Measuring self-service success and the self-service experience is hard. In the assisted model, we can count events or cases and the linking of articles gives us a view of article use. In online communities, we can count posts and responses, which have a strong correlation to requests and responses. In the self-service model, we can count activity like searches and page views and sessions, but they don't have a one-to-one relationship to issues pursued and resolved. So, we have to infer things about the self-service experience from a number of different sources. And, just like in Performance Assessment, where the creation of value can not be directly counted, we find a triangulation model is very useful.
There are a number of things we want to measure about our self-service mechanism.
- User's view
- What value is being realized by those who use self-service?
- What is the experience of those who use it?
- How often is self-service used before a case is opened?
- How often are users of self-service finding things that are helpful?
- Internal view
- What value is the organization realizing:
- How much demand is being satisfied through self service success?
- How much demand is being satisfied through self-service success that would have come to the assisted model (cost reduction)?
- What is the pattern of article use - what articles are valuable to the users?
- What impact is self-service having on the nature of the work that still comes into the assisted path (new versus known ratio)?
- What value is the organization realizing:
Assessing the self-service experience and value relies on a combination of data analysis, user feedback, and observation.
- User behavior patterns
- Click stream analysis
- Volume variation
Direct user feedback:
- Comments and feedback from users
- Usability tests
Because none of the self-service mentioned above are precise - that is, none of them by themselves directly represent the user experience, we have to look at them together using the triangulation concept. For the above measures, it is the trends that are most important, not the absolute value. And, it is our ability to correlate the different perspectives to gain confidence in our assessment of the user experience.

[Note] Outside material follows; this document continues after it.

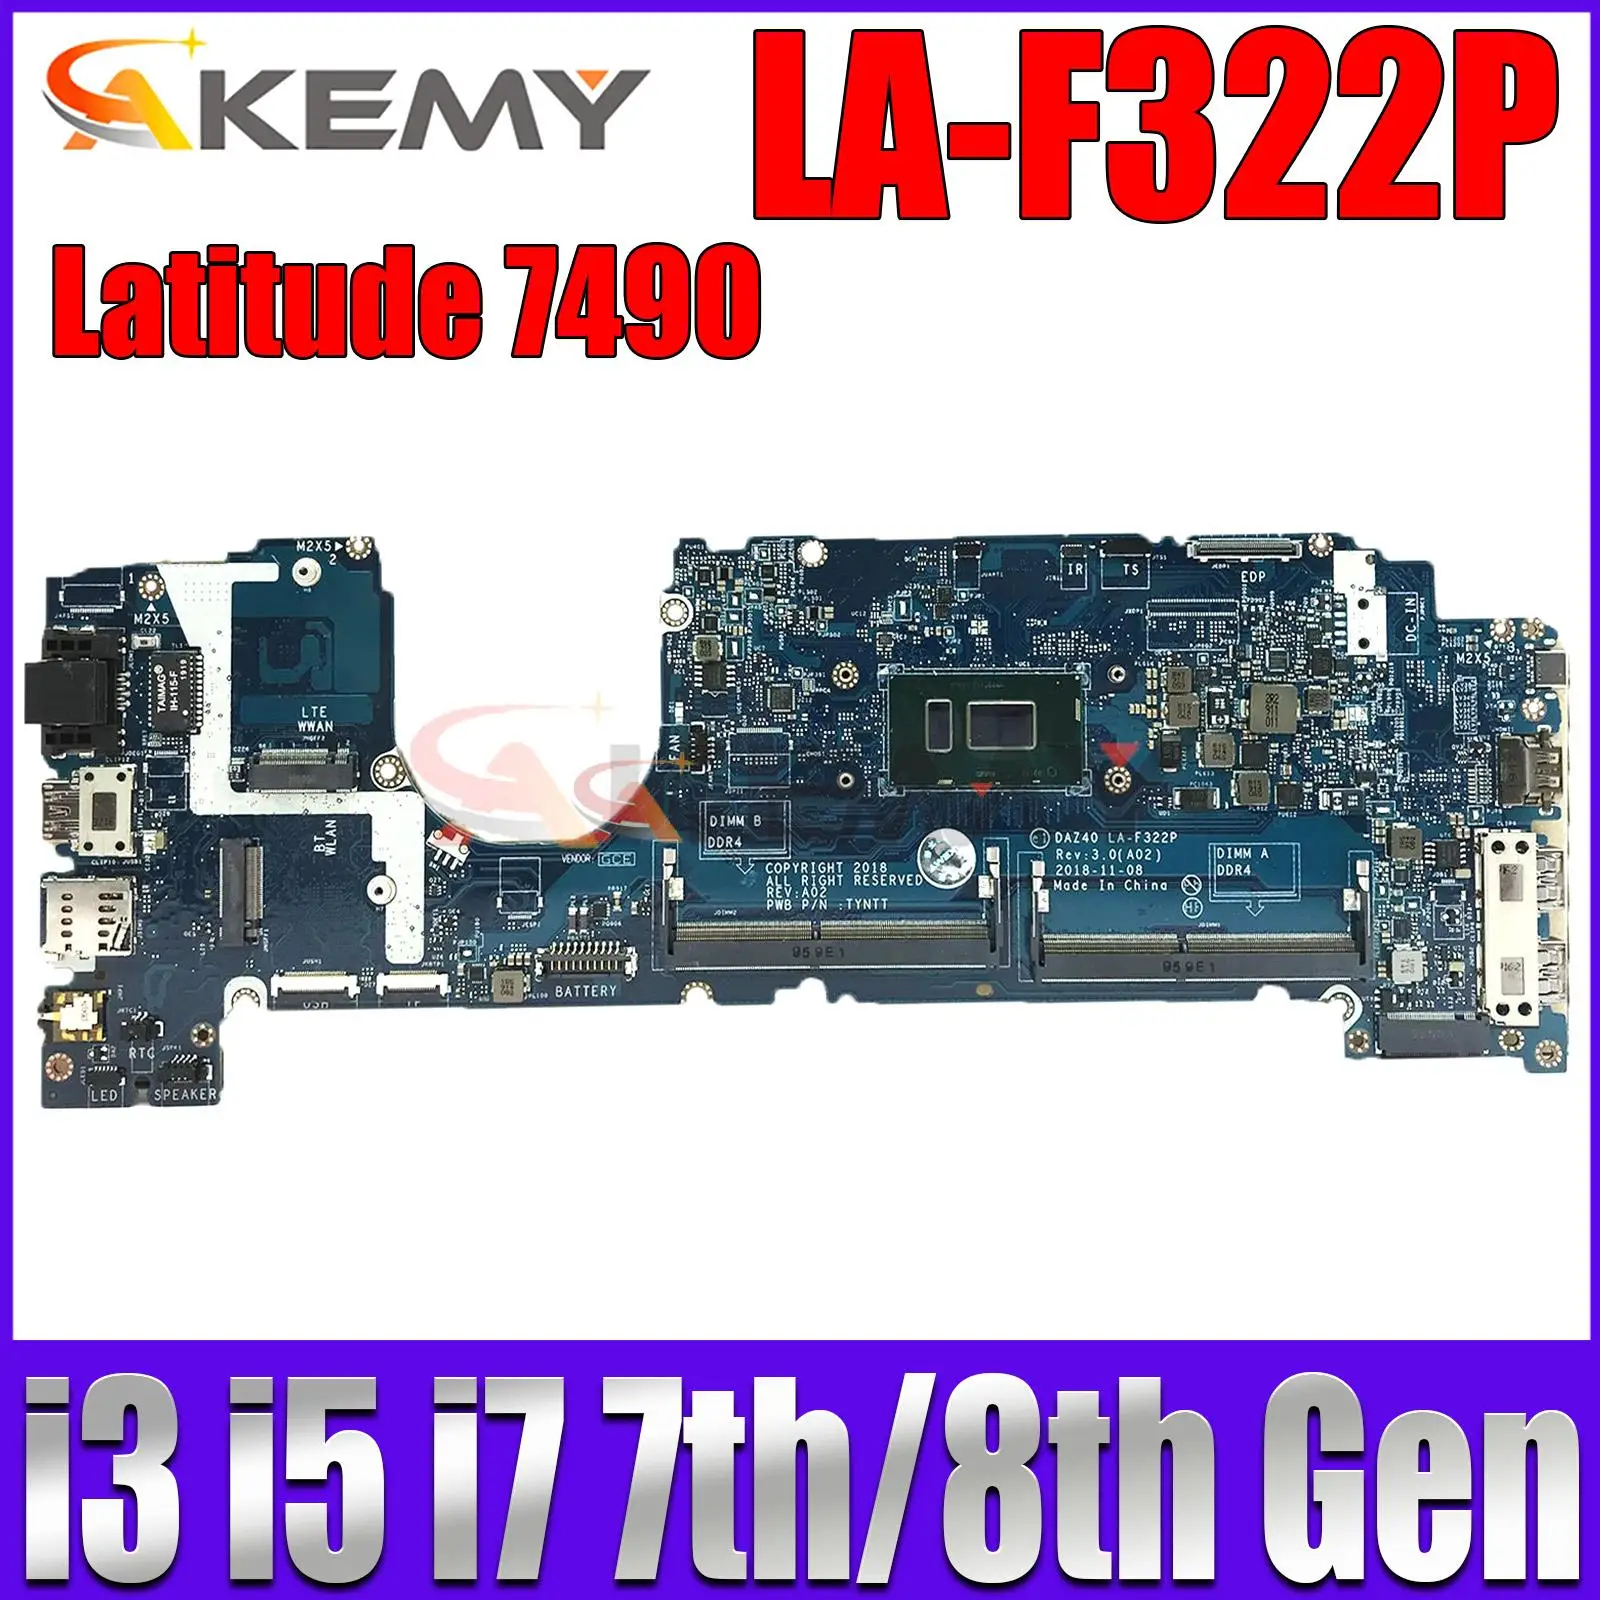 

For DELL Latitude 7490 Laptop Motherboard DAZ40 LA-F322P With i3 i5 i7 7th Gen or 8th Gen CPU CN-02YNVK 0KGYDF 0CWDR5 0PXMYG

As we discussed in Technique 5.10: Content Health Indicators, we need a way to assess the value of the articles in the knowledge base as it grows. The three perspectives discussed in Assessing the Value of Articles are relevant here as well: frequency of reuse, frequency of reference and the value of the collection of articles. The articles available through self-service should be included in value assessment.
The most powerful and valuable feedback about KCS articles comes from the audience using them. Every time a user acknowledges getting value from a KCS article, that feedback should be visible to all who contributed to the KCS article: the creator, as well as people who reused and modified the article. If an end-user flags a KCS article as incomplete or confusing, that KCS article must be queued for rework.
In order to promote trust and to increase the credibility of the KCS articles, some organizations are making feedback visible to all audiences. A ranking system can be put in place similar to what Amazon.com does with product reviews, or Trip Advisor and Yelp provide for user reviews of hotels and restaurants. This information can feed into the triangulation model for assessing the self-service experience.
An underlying premise of KCS is "the best people to create and maintain the knowledge base are the people who use it every day." As organizations enter Phase 4 - Leverage, of the KCS adoption model and make the majority of what they know available to users through a self-service model, that premise still holds.
This raises the question of how to engage users as part of the process. In fact, as organizations mature to the point where a large portion of their articles are external in a just-in-time manner (lots of KCS Publishers across the organization publishing in the moment), good user feedback mechanisms become critical. Users become part of the quality management process for KCS articles. Here are some of the ways member companies have implemented this when allowing users to comment on articles:
Some make comments private and ask the user if they want to be contacted about the comment. If the user checks the "contact me" box, the system opens an incident for that customer and it goes into the normal incident handling process. This approach is probably feasible only for high complexity/low volume environments.
Some make the comment public with a wiki-like section on each article that allows users to contribute their experience and opinions and see the comments of others
Some allow trusted users (often identified through the community forums) to create and modify articles in the knowledge base. The source of the article or modification is indicated in the article.
Some have segmented the knowledge base and have a governance model in place that allows all users to contribute to open-source type content.